Ese muro entre Tina y Nito, y yo, era como el de los policías delante de nosotros, una provocación al sentido de mi vida. Sus ojos ocultos tras la visera del casco me incitaban a la violencia, porque no era humana aquella mole de carne impidiendo el paso con sus porras y fusiles. Tampoco nosotros lo seríamos, una serpiente más animal que humana reptando y rompiendo las calles.

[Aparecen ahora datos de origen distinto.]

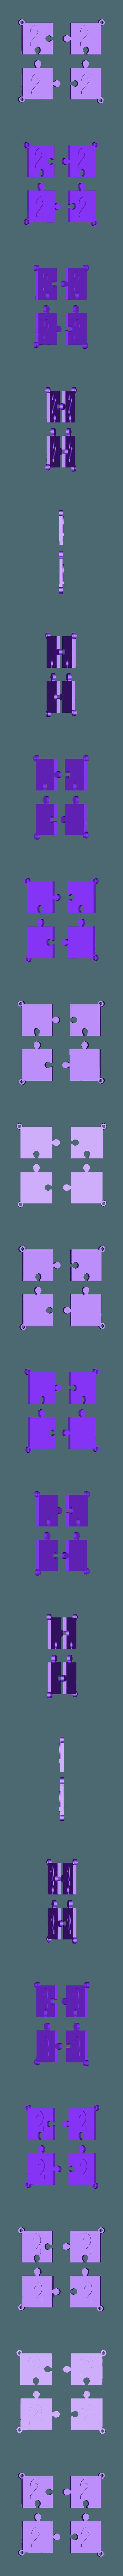 puzzle 2.stl Download STL file puzzle key ring • 3D printing design, catf3d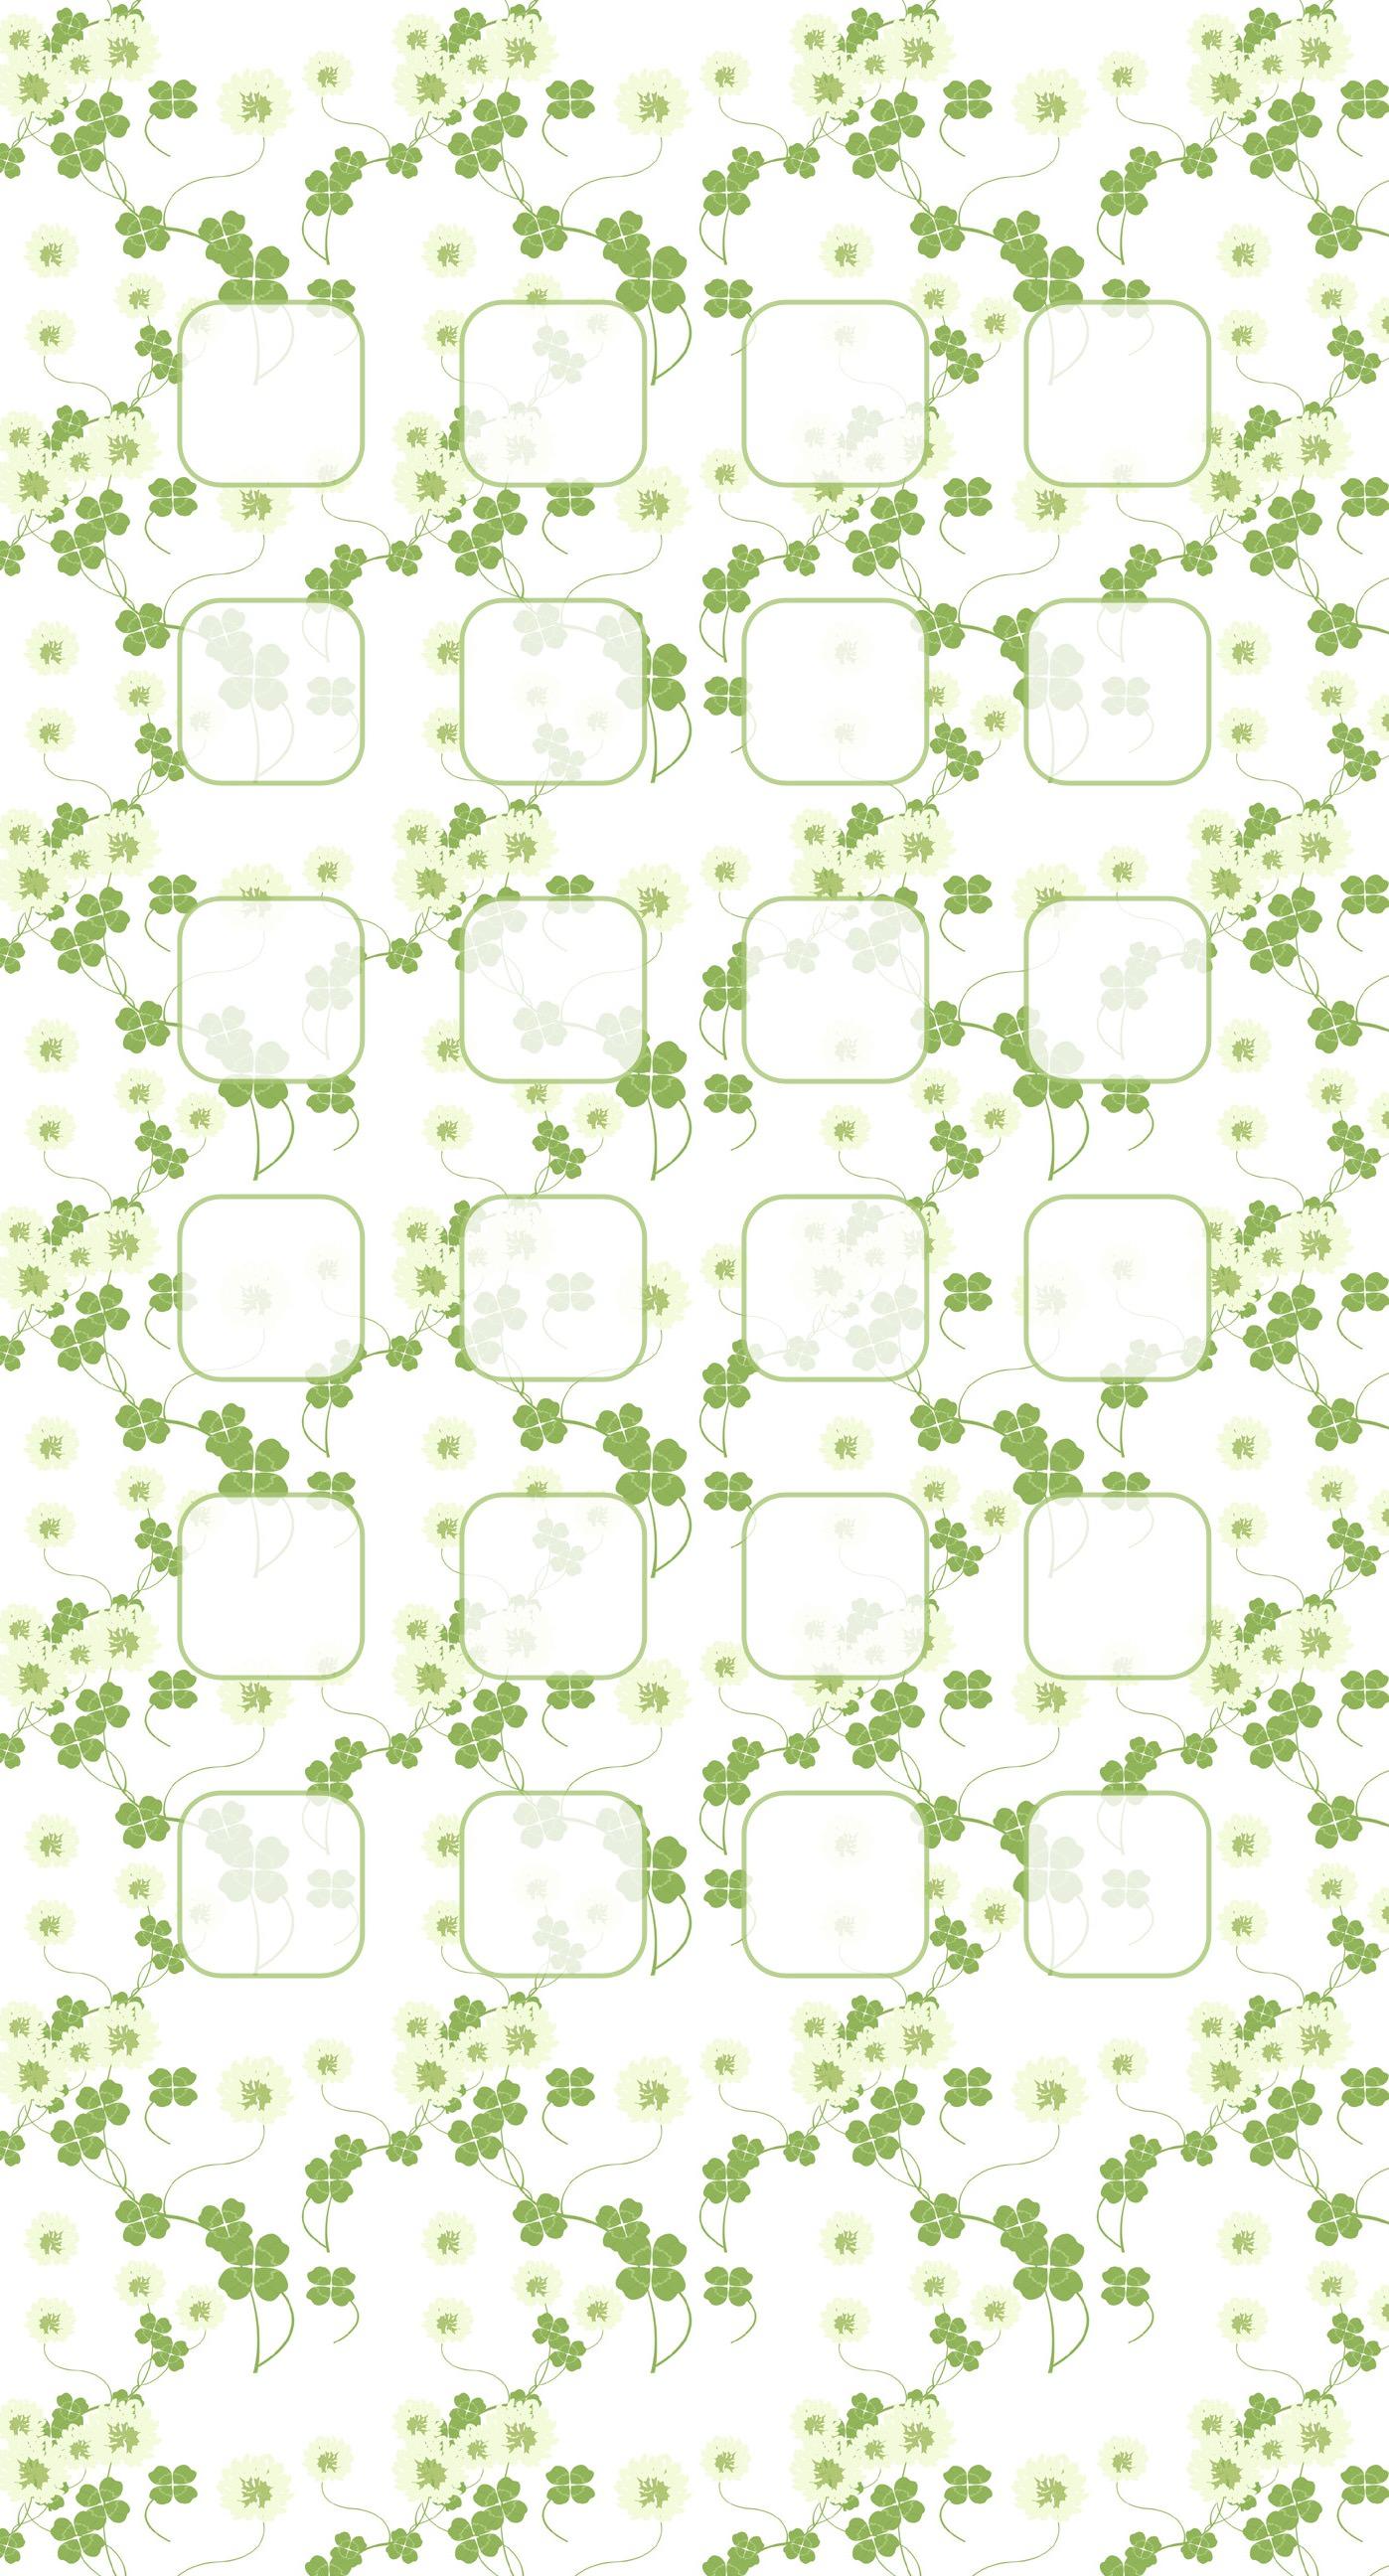 Clover pattern illustrations green shelf wallpapersc iPhone7Plus 1398x2592

Levantamos y dimos la vuelta a un coche. La gasolina se derramó. Alguien tiró su cigarrillo contra aquel líquido arco iris y un reguero de fuego y humo negro se extendió perpendicular a la calle. Agarré una valla metálica y la arrojé contra las patas de un caballo. Gemía en el suelo y ese único gesto de dolor animal hubiera bastado para detenerme, pero alguien me golpeó por detrás y empecé a correr intentando seguir a la gente, mientras un venero que creí de sudor resbalaba por mi mejilla y teñía mi camisa. Entré en una cafetería cargada de humo, donde sólo pude ver a los camareros detrás del mostrador, también algunos ojos sorprendidos, y me abalancé hacia el fondo. Cuando llegué ante las puertas de los aseos me detuve ya totalmente sereno. Recuerdo mi sonrisa y la señora de perfil con su sombrilla y el miriñaque. Abrí la puerta, la cerré con el pestillo, me bajé los pantalones e intenté cagar y llorar todo mi dolor y mi odio, antes de que alguien finalmente reventara la puerta.